August 6th – At the other end of the route, Pelsall. Dormitory, shady, leafy. Beautiful in places, but ever so slightly smug about it. This is Walsall’s Metroland.
Tag: summer
August 6th – I’d been in Darlaston, and returned home via the cycleway down the Goscote Valley. Despite small areas of tipping and litter, it’s lovely at the moment; the pastures and wastelands are bright with willow herb, wort, convulvulus and budleia, and the Ford Brook has tall swathes of Himalayan balsam growing tall. It’s an unwelcome species, but it is gorgeous to look at.

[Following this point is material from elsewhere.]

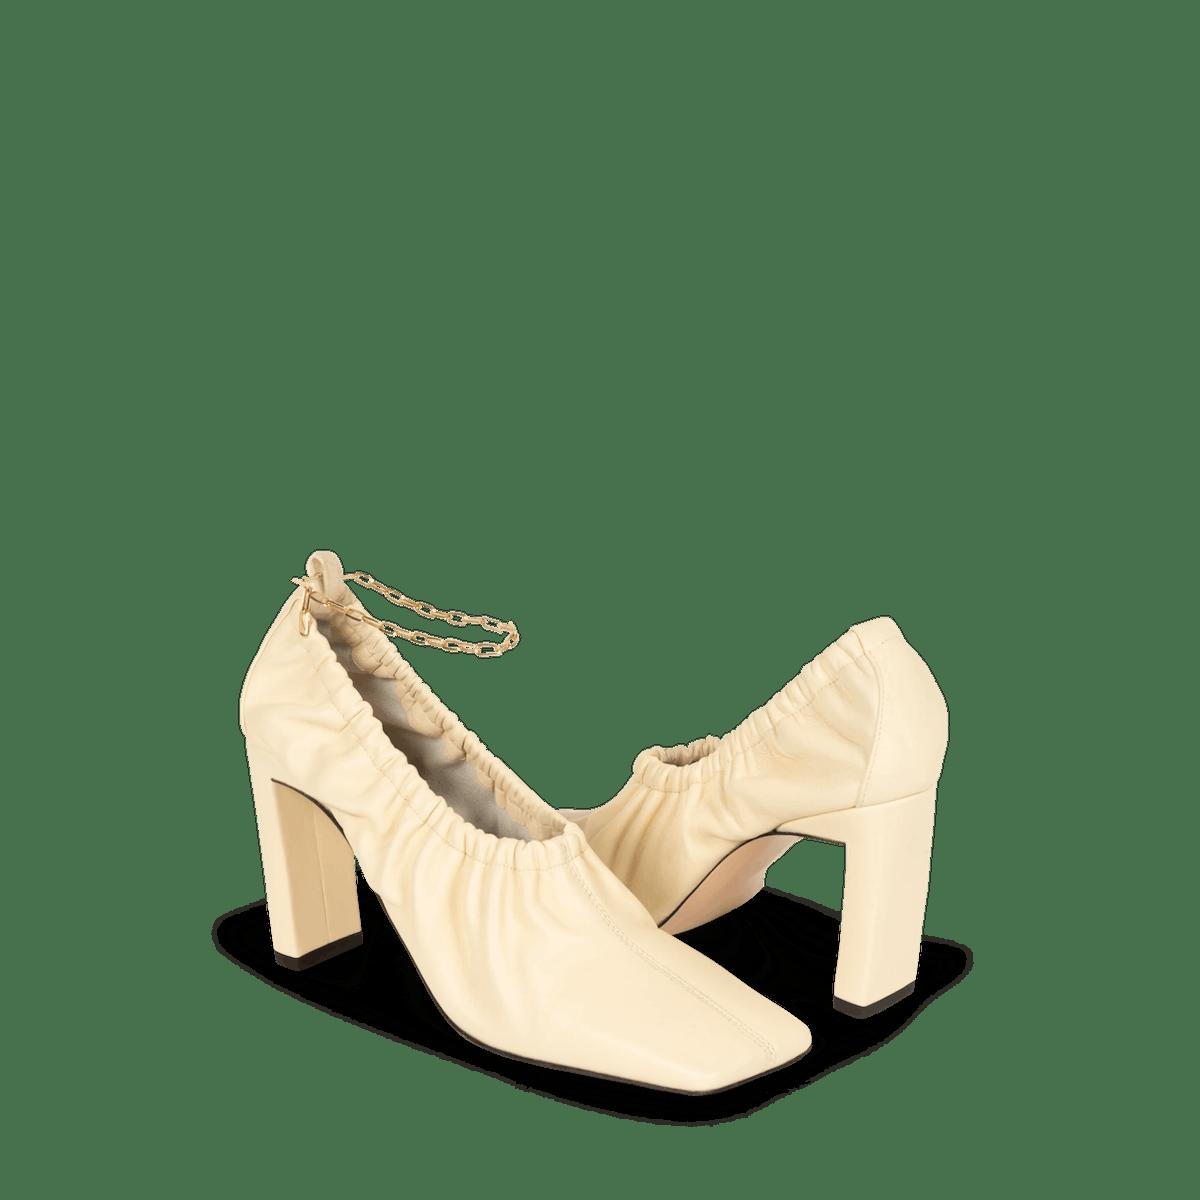 x Lizzie Mandler - Mia Mule Gold Anklet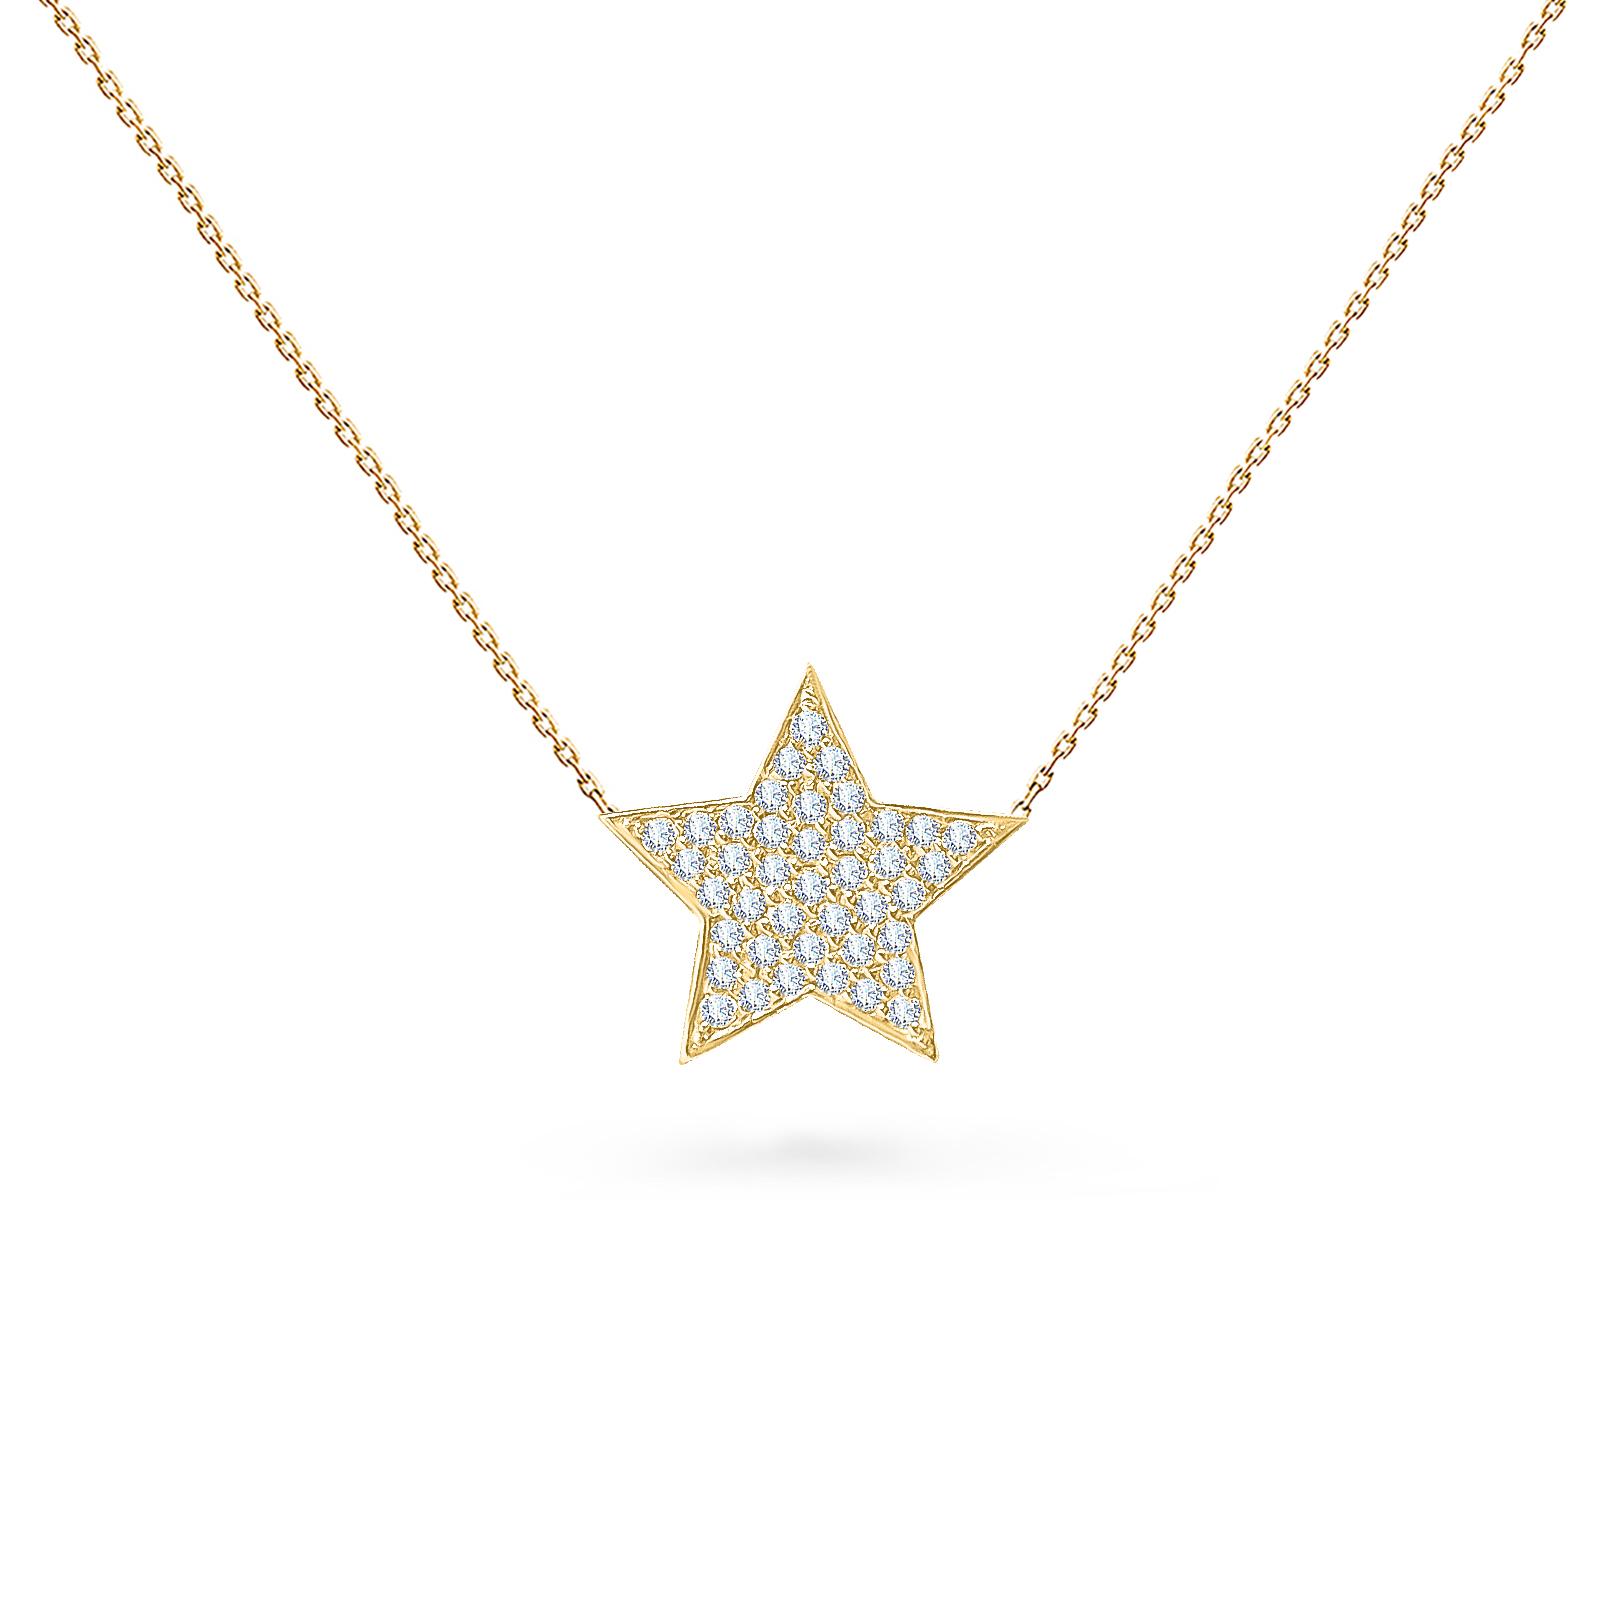 N-STAR-Y

All the way through Goscote I watched two buzzards wheel and soar on the warm breeze. You wouldn’t think this area could be so peaceful and beautiful.
Walsall still has the capacity to surprise.
August 5th – It seems the harvest had started just before the rains came over the weekend. These fields near Stonnall were still full of wheat on Thursday, and are now no more than neat rows of cut straw, with crows looking for food in the gleanings. I noticed other fields had been cut at Springhill and Summerhill too.
And so the season ticks on. It doesn’t seem long since there were deep snowdrifts here..
July 29th – The summer is now moving into a new, later phase. From the growth, then the flowering, we’re now in the ripening and fruiting stage. All around, conkers, acorns and berries are visible in trees and hedgerows, still swelling and ripening. Here at Telford, the rowans that line the cycleways are turning orange slowly. Beautiful, but sad too, at the passage of summertime.
July 27th – I headed out to Burntwood to the supermarket to get some shopping in. I deliberately waited until the rain started, and cycling in it was joyous; warm, soothing, but cool and refreshing, I rejoiced in the rain running down my face and legs. Everything smelt gorgeous, and I’d forgotten how loud rain can be.
It’s not often you’re glad of rain, but I was today.
July 21st – At Farewell, the advancing season is indicated in the landscape. Fields of very nearly ripe wheat, oilseed rape and barley stretch for miles. They aren’t quite ready yet, but are not far off, and even in this misty-grey humid evening, they were beautiful.
July 15th – I snatched a ride out at 3pm, and headed for Hoar Cross. I rocketed through the countryside of Longdon, Handsacre and the Ridwares, only stopping at the old church at Pipe Ridware to take a quick couple of photos. The pretty little building is now a theatre whose latest show was only a few days ago.
I continued to Hoar Cross, and returned via the Needwood Valley,with the countryside looking gorgeous in the hazy, hot summer sun. I was hurrying a 35 mile journey and didn’t stop to take many photos, but it was a lovely, fast ride.
July 14th – I followed the track back to Ryders Mere. I hadn’t been this way for a while, and this relatively new lake – created as part of an opencast remediation 10 years ago – is maturing well. It was very quiet, with few around, and I was impressed at the number of damselflies, dragonflies and other insects there were around. The meadow was alive with grasshoppers. In the background, the gentle lap of water and calls of waterfowl.
Beautifully tranquil.
July 13th – The dog’s name is Veronica. This is the otherwise glass-calm Trent and Mersey river section at Alrewas. A fine dog on a fine day.
July 13th – It was incredibly hot, and I was tired. But at 4pm I found the energy from somewhere and headed out. I was only supposed to be going to Chasewater – but after a restorative ice cream, I found the going easy and powerful, so I headed up through Chorley and Longdon Green, to Yoxall and Barton. From Barton I took the backlanes and tracks to Wychnor, where I hopped on the canal, and rode the river section of the Trent & Mersey to Fradley, then back home through Lichfield.
It was hot, but a lovely, fast ride through gently ripening countryside. This is the summer I’ve been hoping for.